胸に顔を埋めるシーラを見てシャイネリアは困った風に頭を撫でた。胸のあたりがムズムズする。シーラが何か喋ってることに気づき、ほっぺたを両手で挟んで顔を上げさせた。
「ごべんなざい」
「あたしもごめん」
「あのね」
シーラは立ち上がるとシャイネリアを手を引いて起こす。
「わ、私、何も、出来ないし、すぐ泣いちゃうし。二人をすぐ困らせるし。こんな私なのに、なのに。それなのにずっと二人と、皆と一緒に居たいの!」
双子は顔を見合わせ微笑む。シャイネリアはシーラに手を差し伸べた。シーラはその手のひらにおそるおそる手を添えた。

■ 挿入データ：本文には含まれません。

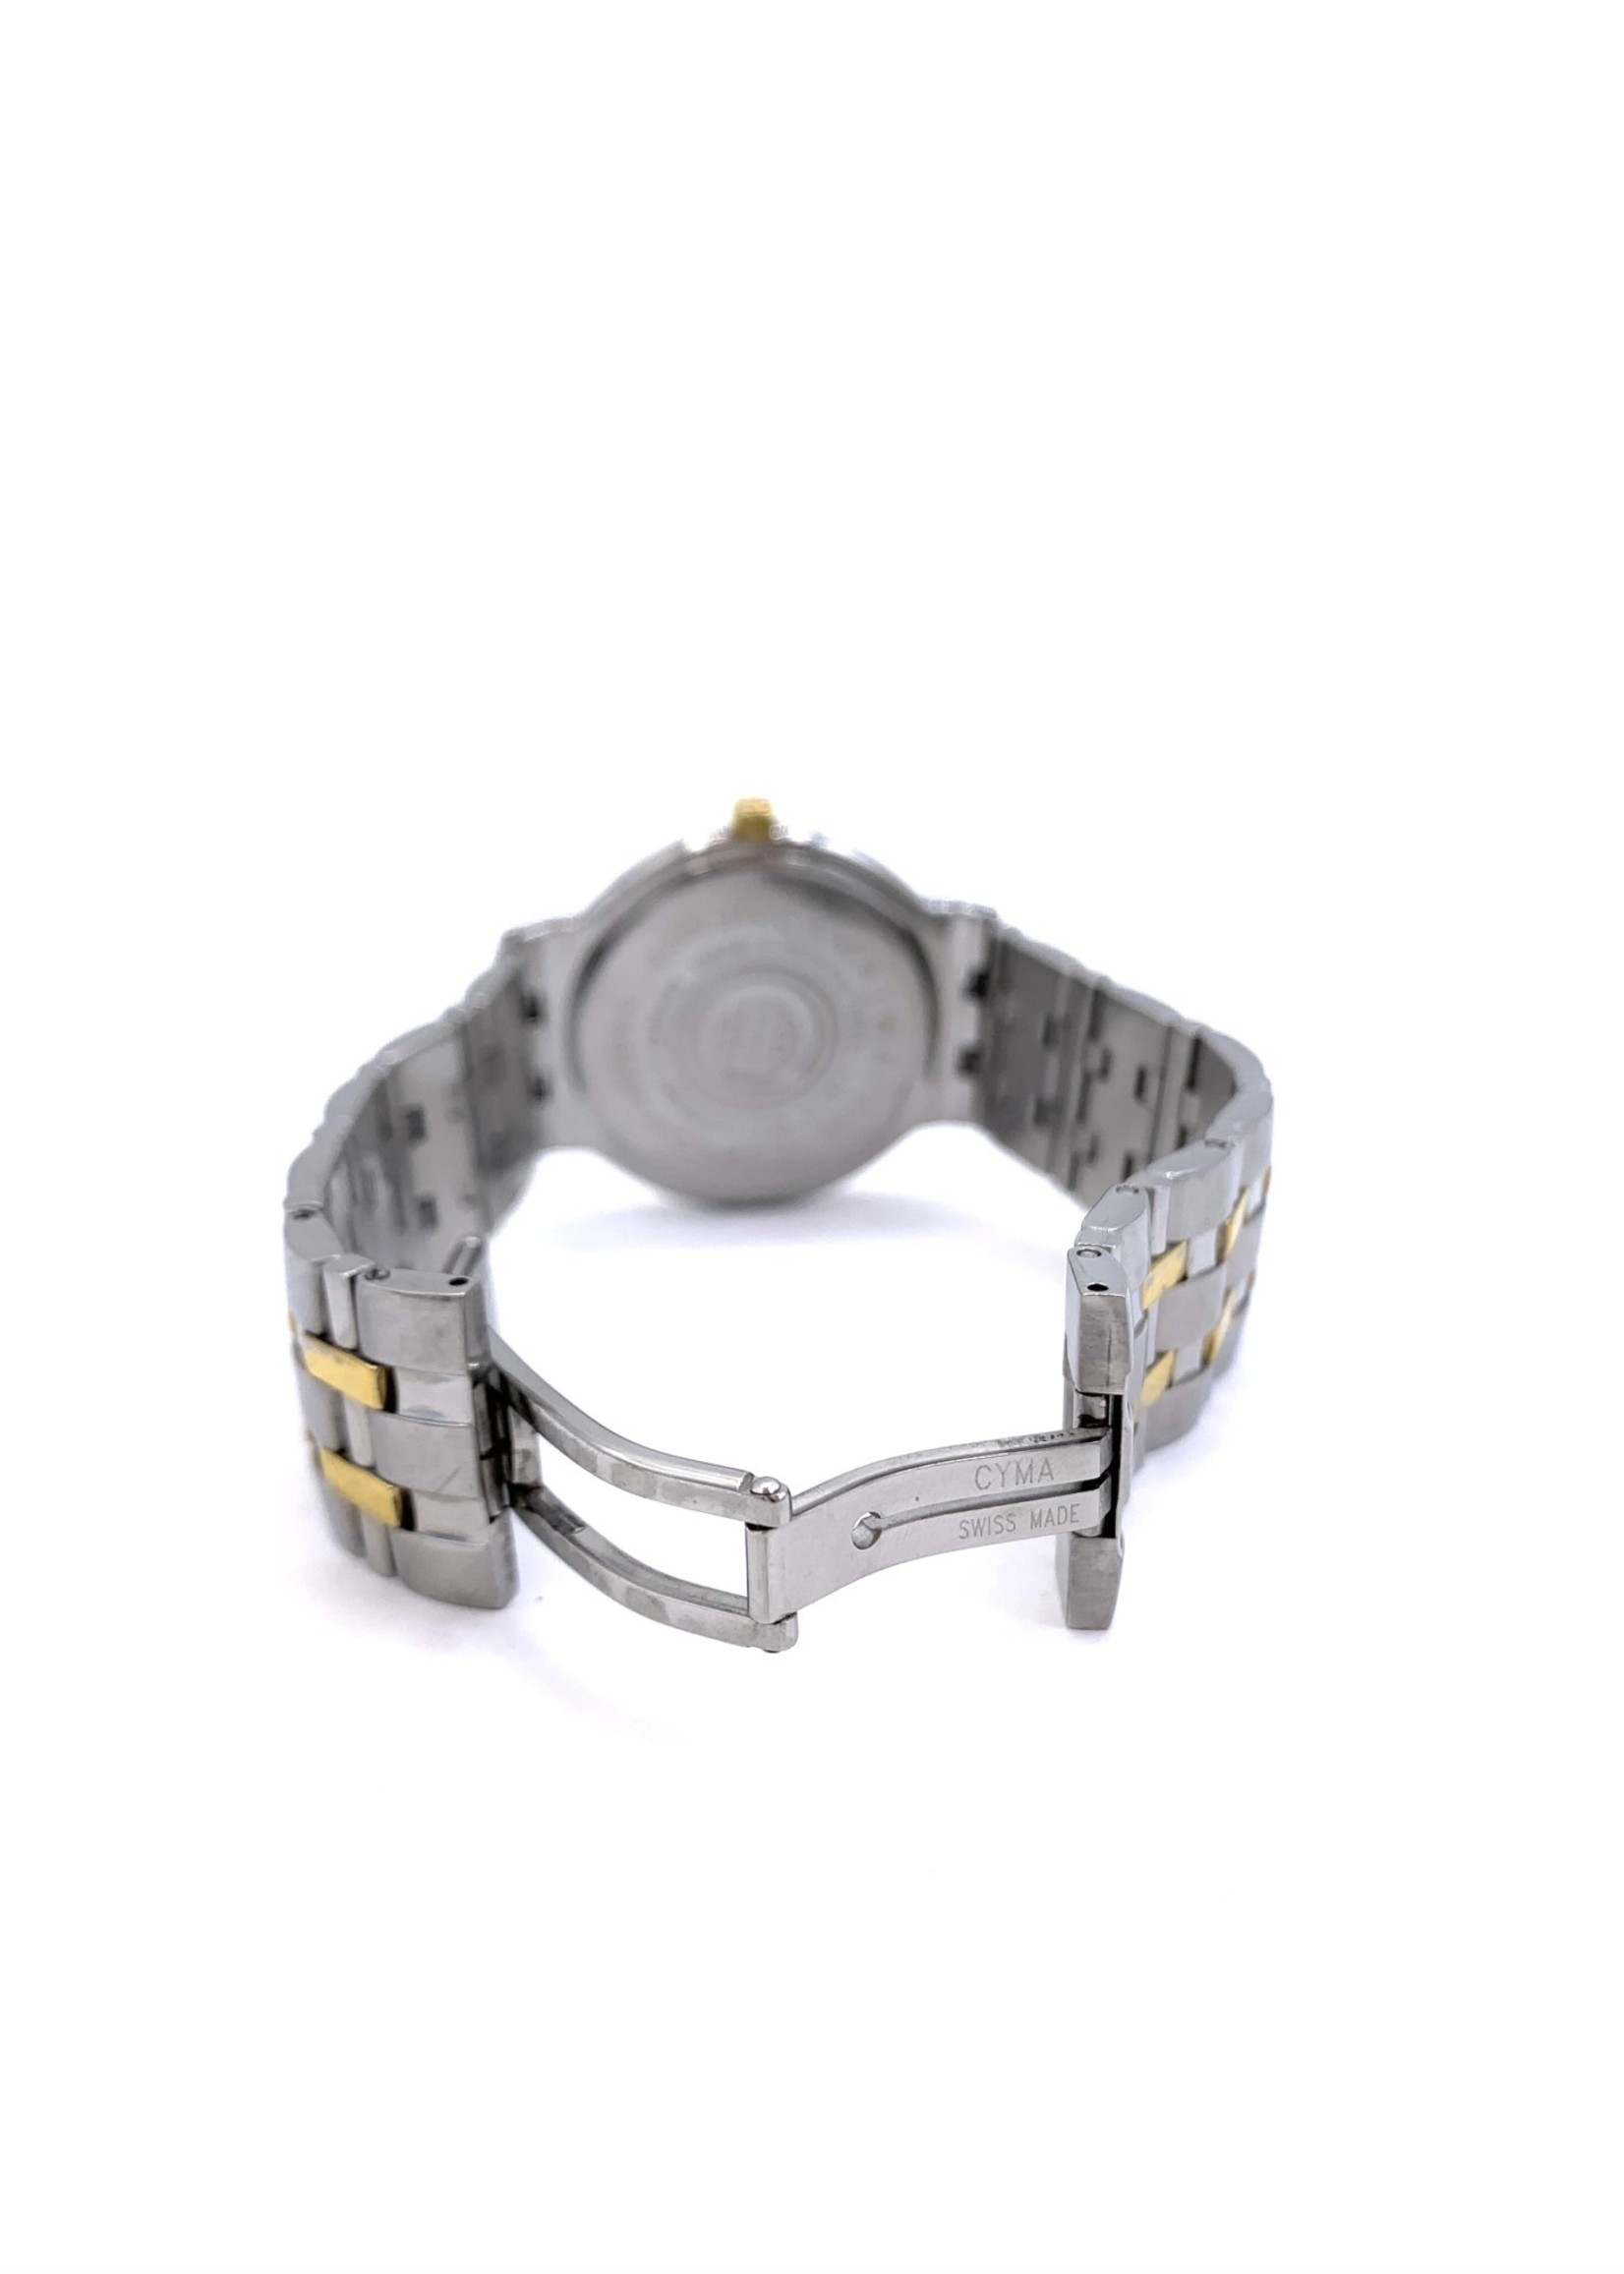 Cyma Cyma Watch 35mm

「何度でも言うよ?ぼくらは君の傍に立つ双樹だ。でも僕らは二人だけでは育たないんだよ」
「あなたがちゃんと面倒みないと枯れちゃうわよ?」
「あたしが?」
「ああ」
「ええ」
「あたしでいいの?」
「君がいいんだ」
シーラは思いっきり二人に抱きついた。
「言えたよ、シャイニー」
「ばかね、言わなくても分かるわよ」
「あのね、怖いけど、魂結び、頑張る」
グラディアスは何時になく、本当に微かな変化だがシーラの口調に力強さを感じた。
「死にたくない、のもあるけど。それよりニアに会いたい。早く会わないといけないの」
双子は顔を見合わせる。
「どうしてだい」
「ニアが死んじゃう。彼女は私からマナを受け取ってない」
閑話休題。
翌日。
「ルーンちゃんから、魔法、教わったの!あのね、すっごく可愛い魔法!」
シーラは「ど、動物使い!い、いきます!」と言うと、たどたどしい歌に合わせて同じくたどたどしく踊る。シャイネリアもはしゃぎながらシーラと並び、息もぴったりに合わせてお踊りだした。
「ね?」
シャイネリアも楽しそうに笑うシーラにつられて笑う。
「ルーン自作のダンスと詩ニャ。でも、これ、踊りは必要ないのニャア」
きょとんとしていたシーラの顔が次第に紅潮し、熟れた林檎のような顔色を両手で覆いしゃがみこんだ。
「死にたい」
グラディアスは声を押し殺し顔を背けた。「可愛すぎだ」の小声がシャイネリアには聞こえてしまい、妹が「ニャ?ニャ?」と近づいてくる。
「よ、寄るな!」
「にゃにゃにゃにゃ? ニャにが可愛いのかニャア?」と兄に詰め寄る。
「し、しるか!」
「にゃにがあああぐぼはぁぁ!」シーラに抱きつかれ、体が「く」の字で吹き飛ぶシャイネリアは人外の悲鳴を上げた。